Advocating More Proprietary Trading. One last set of documents shines additional

light on the role of proprietary investments in the Goldman Mortgage Department in 2006 and

2007. As indicated earlier, for several years, Goldman’s Mortgage Department had a proprietary

trading desk, Principal Investments, that was explicitly and exclusively dedicated to engaging in

transactions for the benefit of the firm. In 2005, it was moved to the SSG unit. Internal

Goldman documents show that some in the Mortgage Department wanted to revive that desk,

increase the amount of proprietary trading in the mortgage area, or claim a greater share of the

proprietary profits created by the Mortgage Department for the firm.

In August 2006, for example, the CDO Origination Desk proposed that Goldman

establish a formal proprietary trading fund or proprietary trading operation within the Mortgage

Department to conduct mortgage related transactions on behalf of the firm. In an August 2006

email, Peter Ostrem, the CDO Origination Desk head, made the proposal to Mr. Sparks, the

Mortgage Department head:

“Let’s do our own fund. SP [Structured Product] CDO desk. Big time. GS [Goldman

Sachs] commits to hold proportion of equity outright. This could be big. ... I need real

leverage. Got some structured ideas too. When can we talk strategy for an hour or

so?”2824

Mr. Sparks responded: “Next week. In the meantime calm the blank down.”2825 Later the same

day, he later wrote to Mr. Ostrem: “Not going to happen.”2826 When asked about these emails,

Mr. Sparks told the Subcommittee that Goldman decided not to allow the Mortgage Department

to set up its own hedge fund or explicit proprietary trading desk.2827

2823 1/2011 “Study & Recommendations on Prohibitions on Proprietary Trading & Certain Relationships with

Hedge Funds & Private Equity Funds,” at 22-44.

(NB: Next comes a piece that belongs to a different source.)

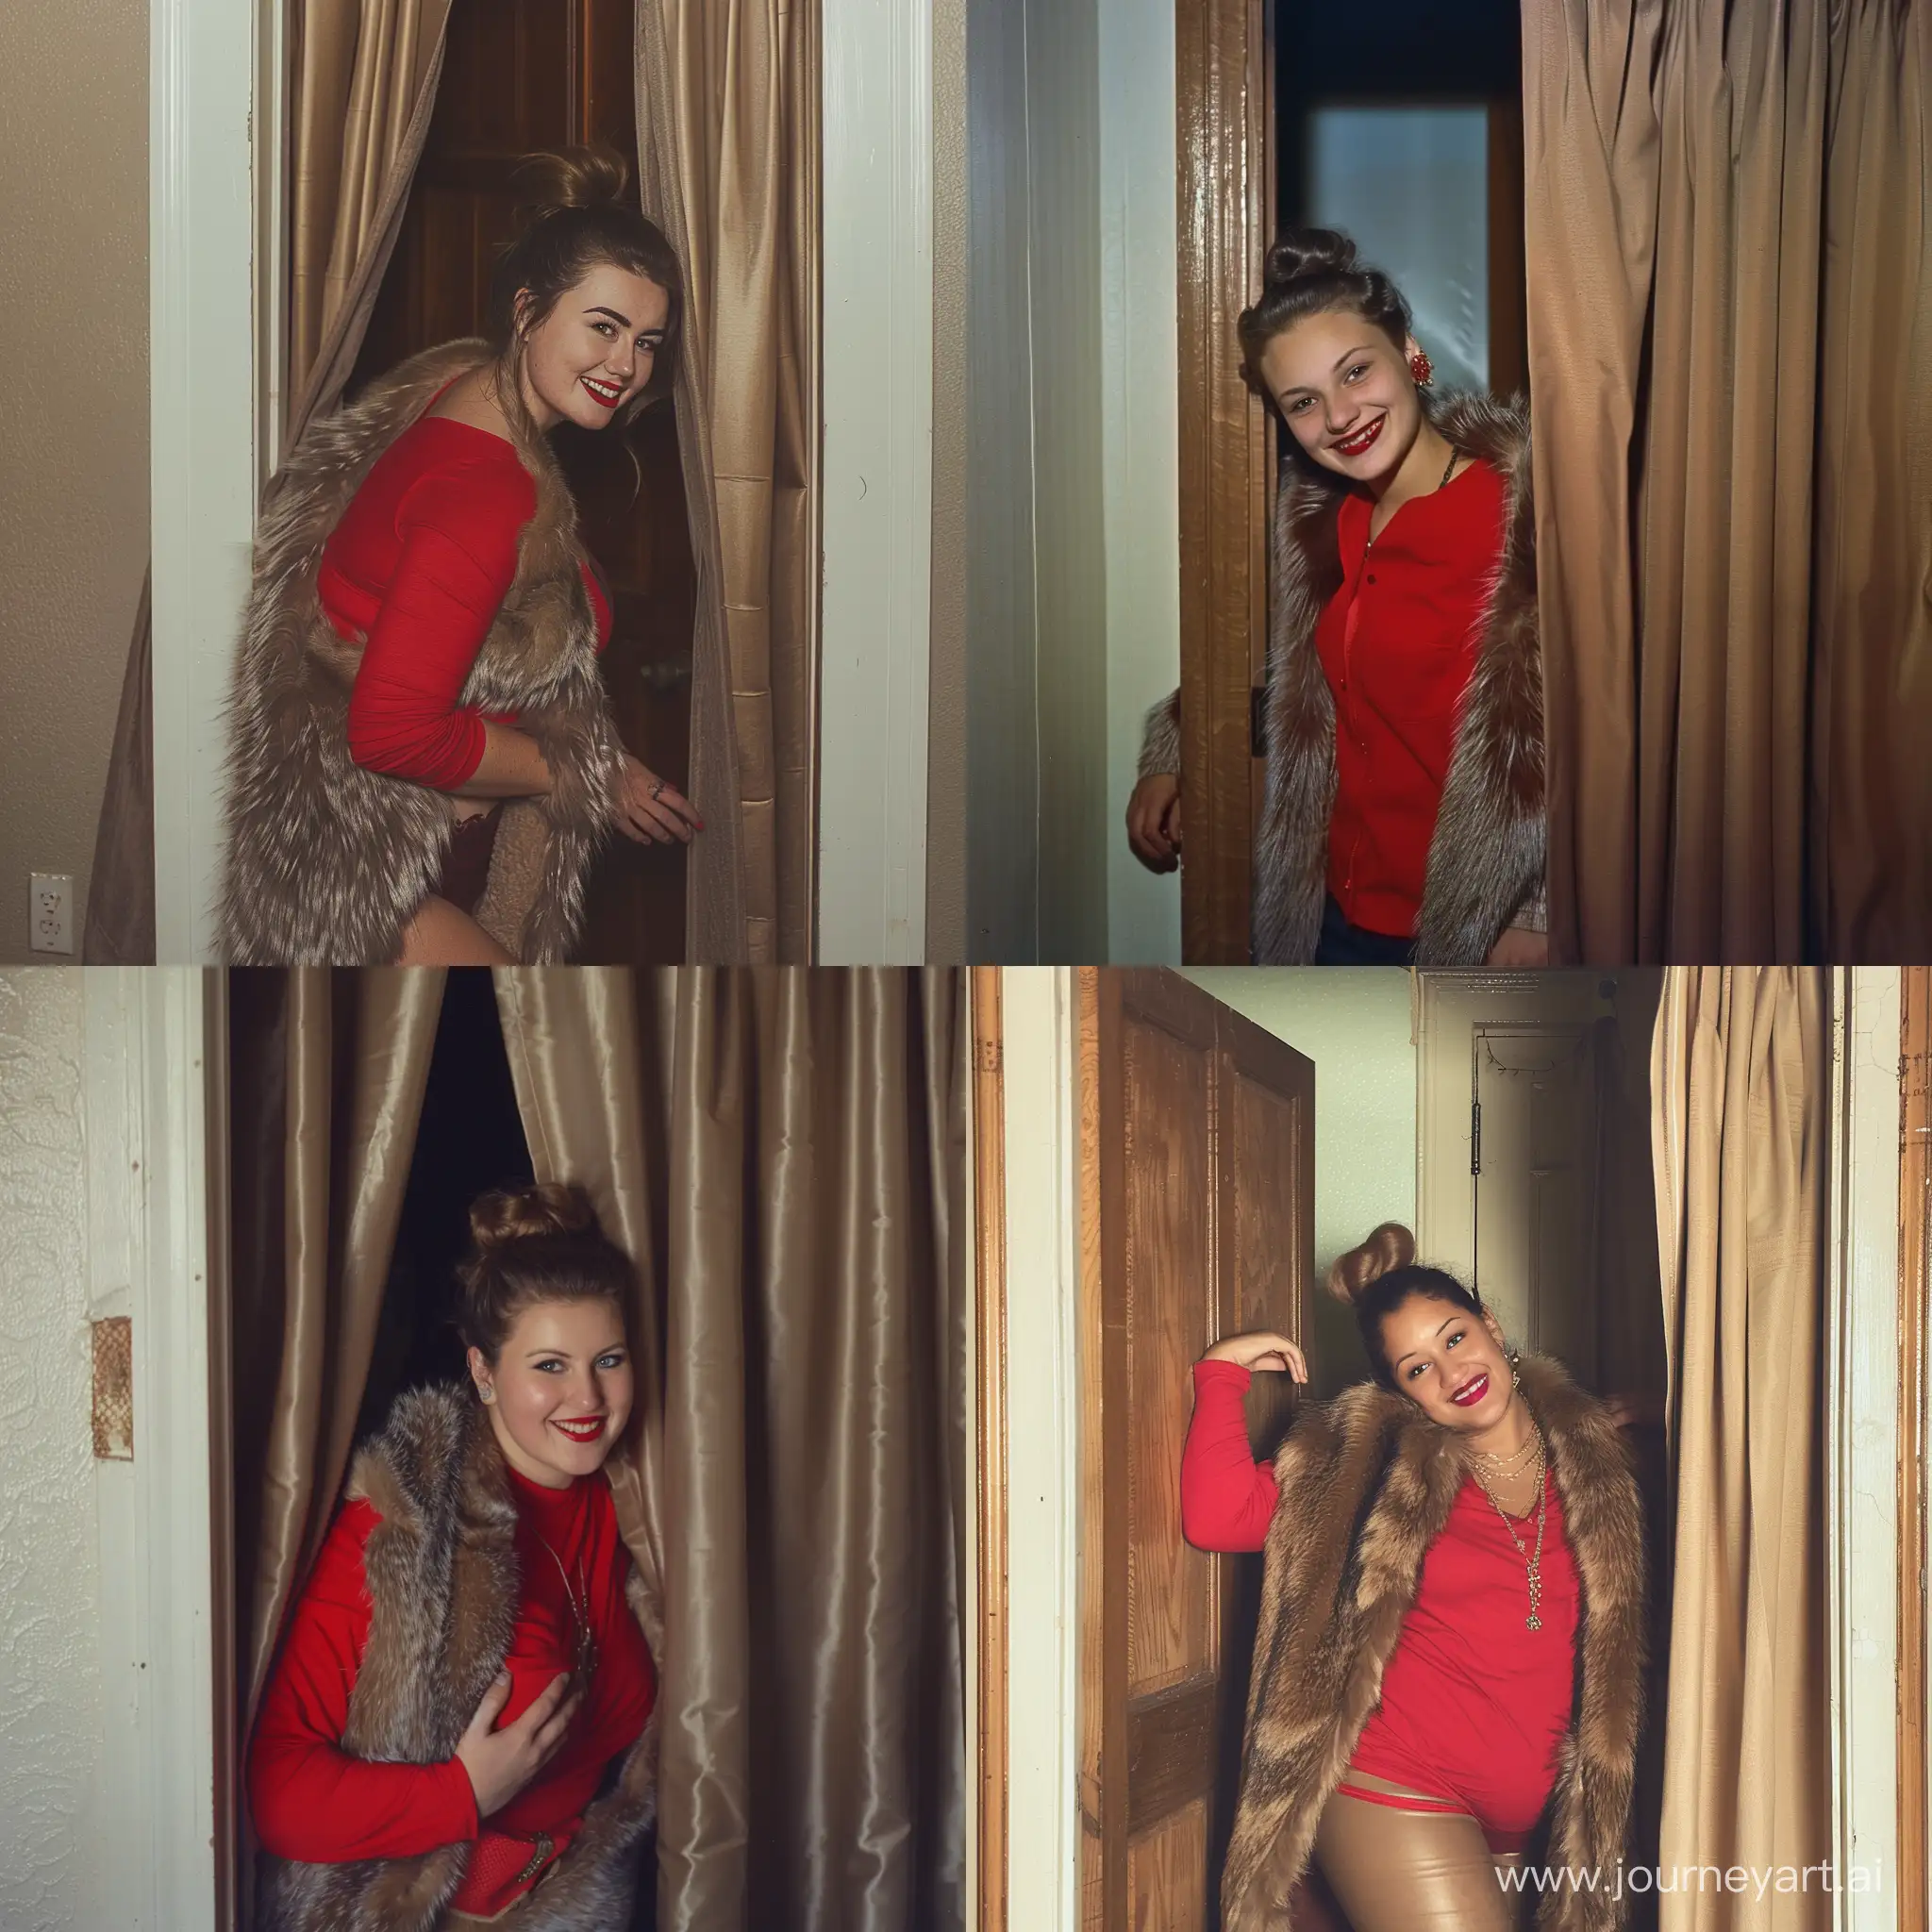 A woman wearing a red shirt and a fur coat is leaning against a doorway, posing for the camera. She has her hair in a bun and is smiling brightly. The doorway is covered with a curtain that hangs down to the floor.

2824 8/10/2007 email from Mr. Ostrem to Mr. Sparks, “Leh CDO Fund,” GS MBS-E-010898470.

2825 Id.

2826 8/10/2007 email from Mr. Sparks to Mr. Ostrem, “Leh CDO Fund,” GS MBS-E-010898476.

2827 Subcommittee interview of Daniel Sparks (10/4/2010).

635

In March 2007, after a series of large trades with the Harbinger hedge fund on the ABS

Desk, Deeb Salem, an ABS trader, emailed Mr. Birnbaum, Mr. Swenson, and Mr. Chin with a

proposal for a proprietary CDO:

“Am I crazy to be thinking we might want to grow the harbinger trade and do our own

abs desk cdo. There’ll be so much juice in it. It would blow out. We could sell

supersenior and maybe some equity. Then the remaining mezz would be a cover of a

couple hundred million of our cdo short. Haven’t crunched the numbers, but I’m

guessing we’d effectively cover well north of 1000 plus own some call rights. Or we also

keep the equity and own it for free.

To select the portfolio, we look at the underlying rmbs deals in our cdo shorts. And

replicate that as best as possible.”2828

Mr. Birnbaum replied: “I like it.”2829 Mr. Swenson responded: “Love it we will give dan

[Sparks] a heart attack.”2830 Two months later, in June 2007, Mr. Swenson wrote Mr. Salem:

“Talk to me now things are developing - dan wants you to be the epicenter of the subprime

universe which is not a bad position to be in.”2831 Mr. Salem replied:

“That’s fine. My number 1 concern is that it[’]s traded by the right people bc [because]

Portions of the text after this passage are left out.